#### [DATA EXTRACT]
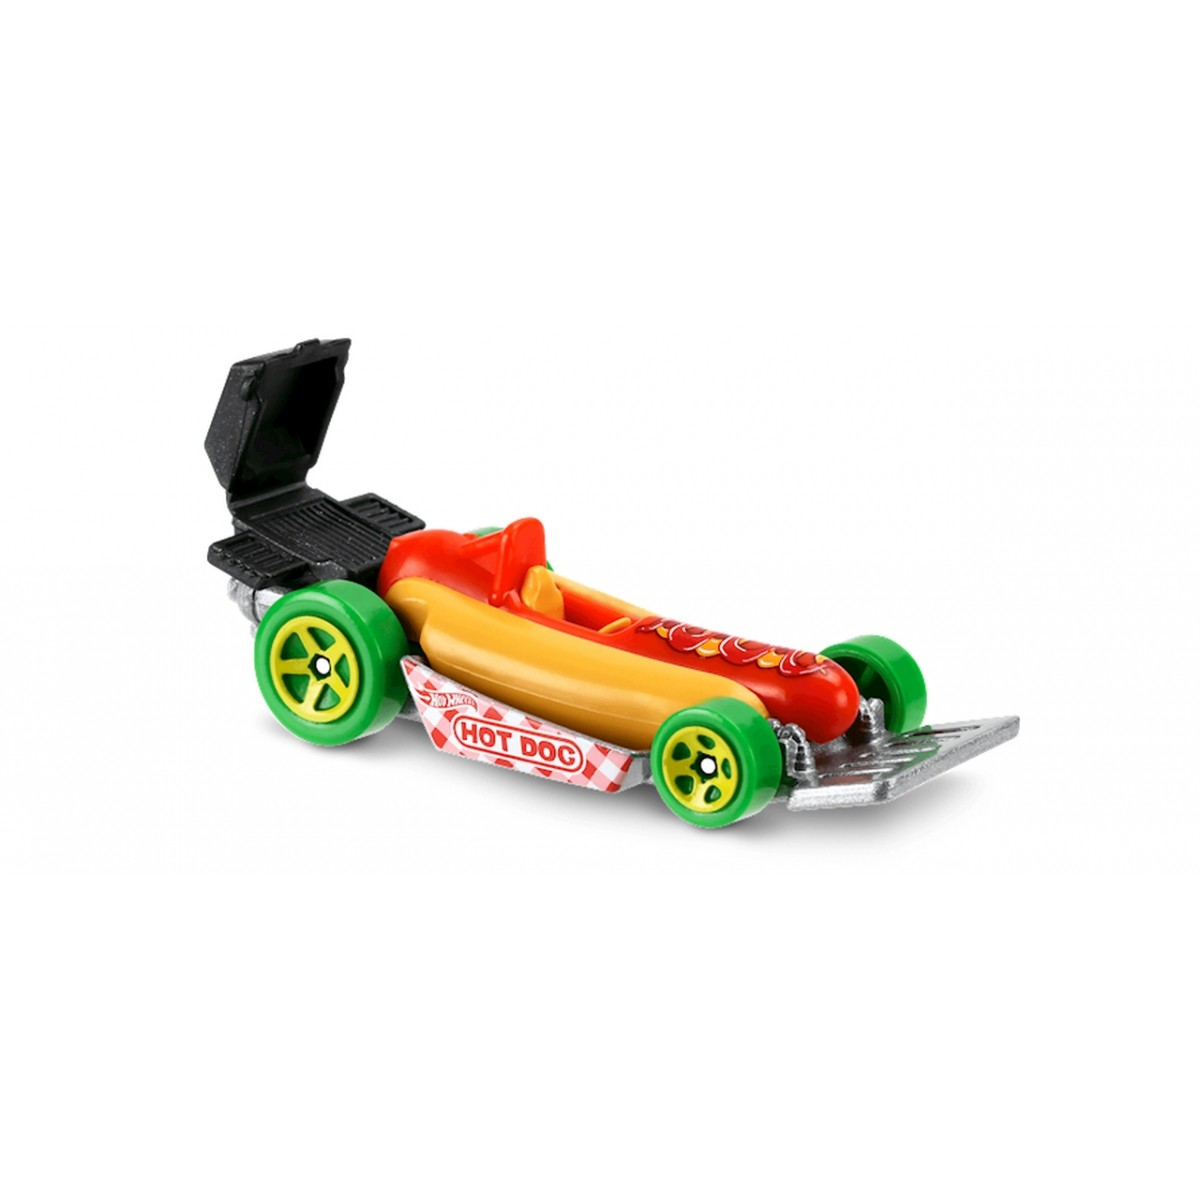 Carrinho Hot Wheels: Street Wiener (Hot Dog)
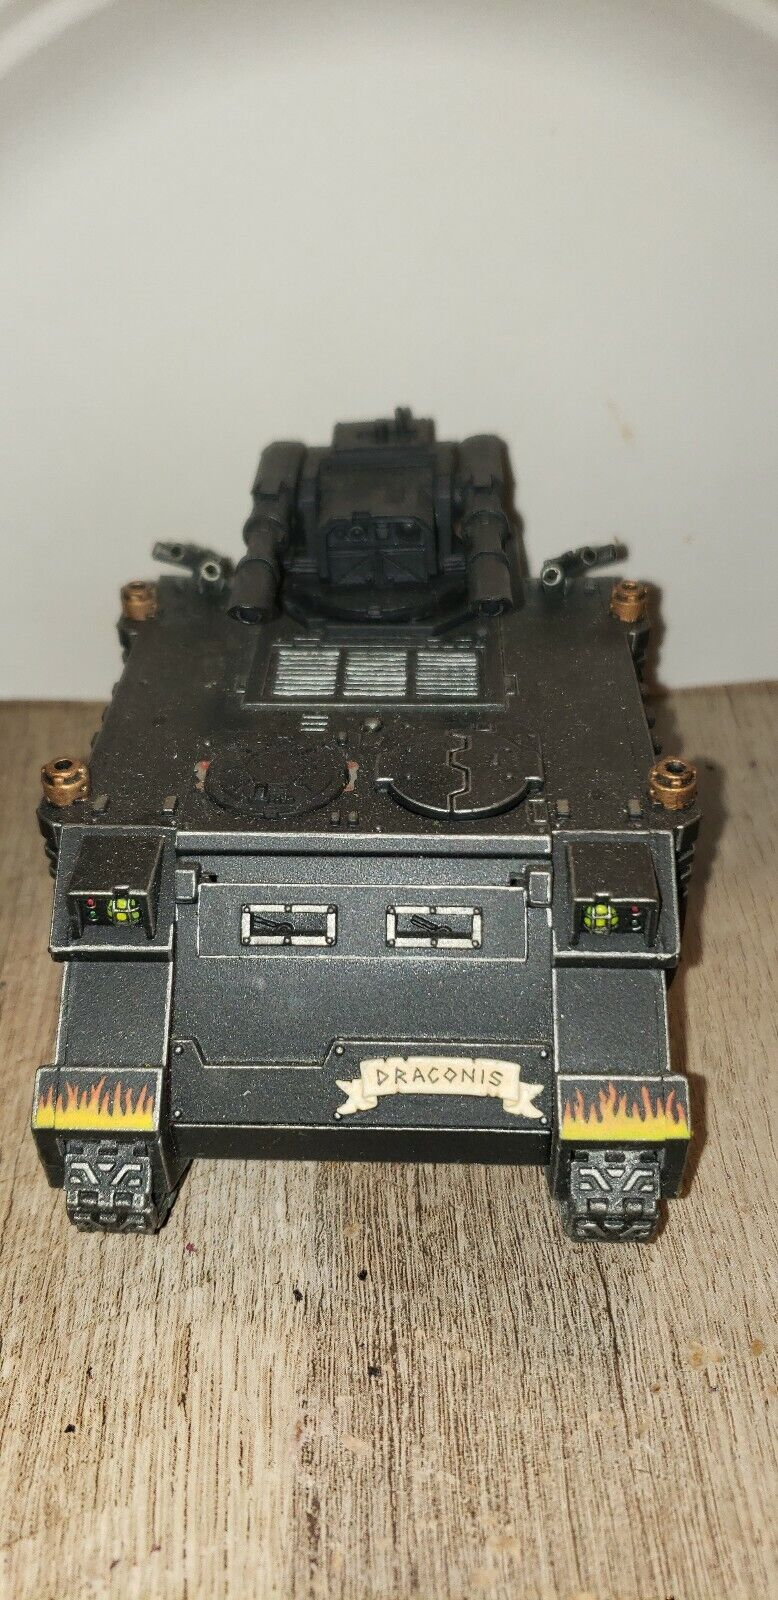 Warhammer 40k space marine Tank
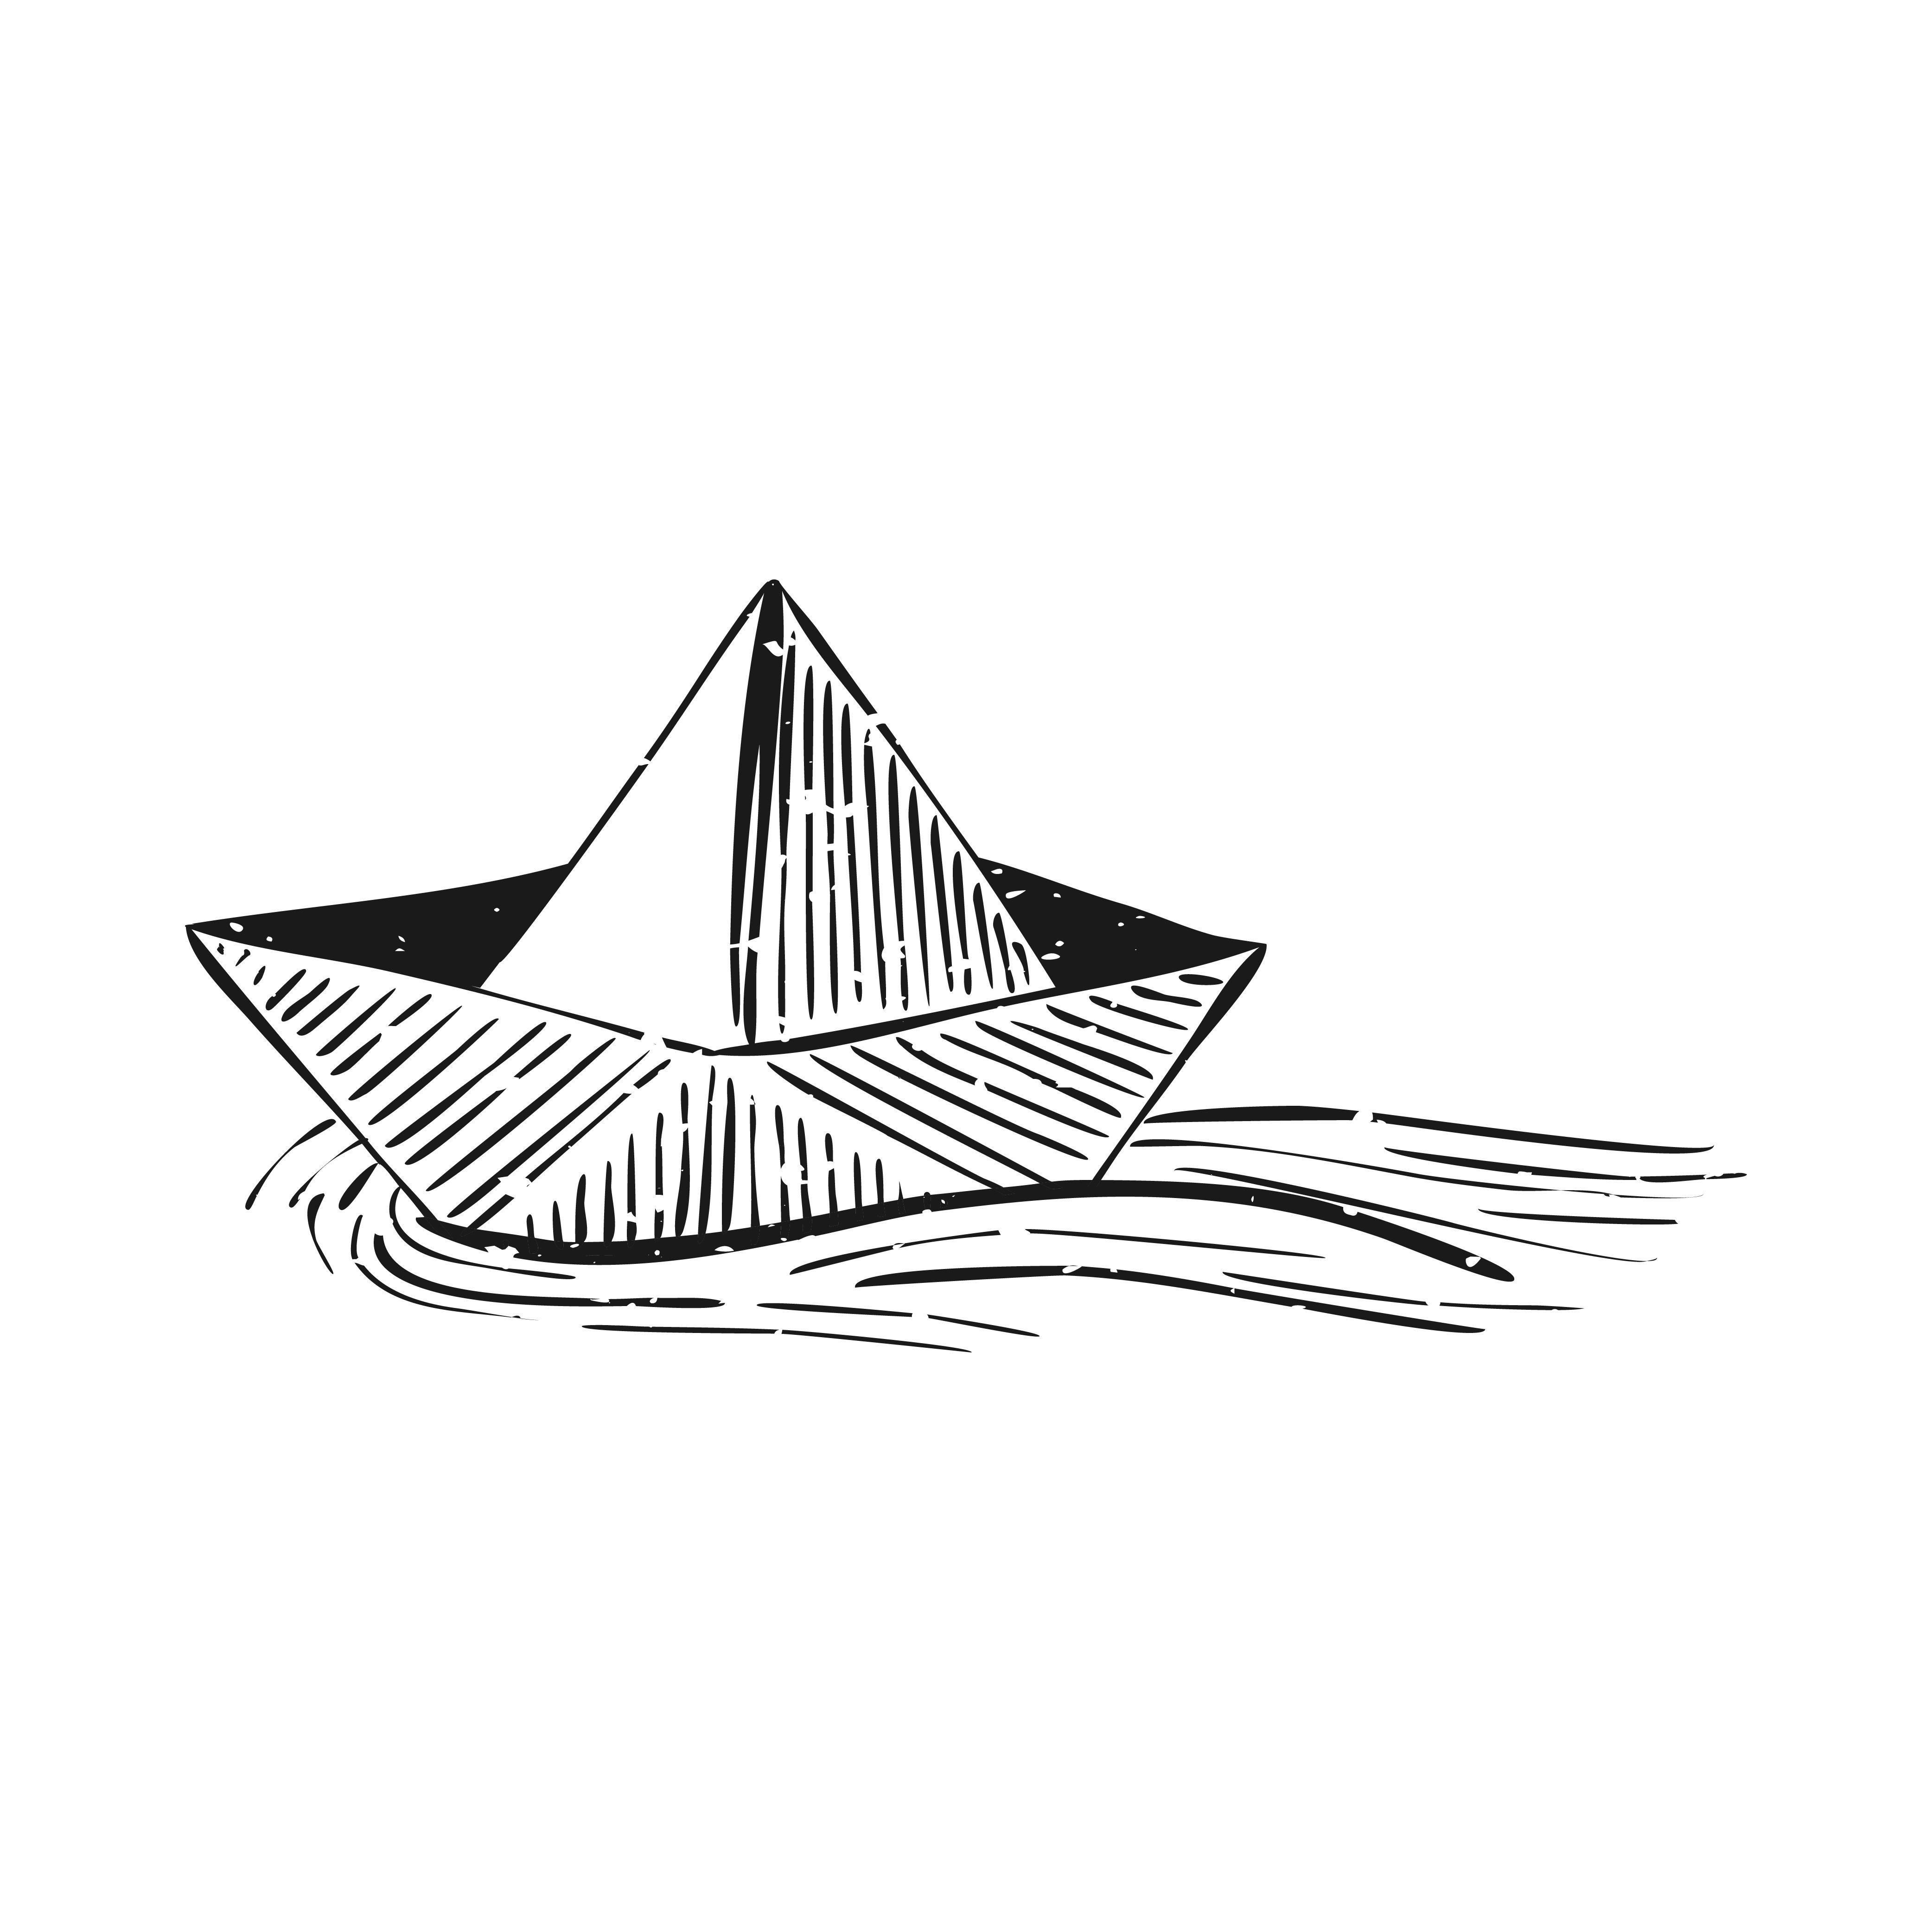 Pin De Daf Debasto En 笑傲江湖 Tatuaje De Barco Aviones De Papel Dibujo Libre De Vectores

#### [DESCRIPTION OF THE TASK]
Retype the whole listing. Keep every word exact but include no pictures.

#### [ANSWER SECTION]
 Carrinho Hot Wheels: Street Wiener (Hot Dog)
 Warhammer 40k space marine Tank
 Pin De Daf Debasto En 笑傲江湖 Tatuaje De Barco Aviones De Papel Dibujo Libre De Vectores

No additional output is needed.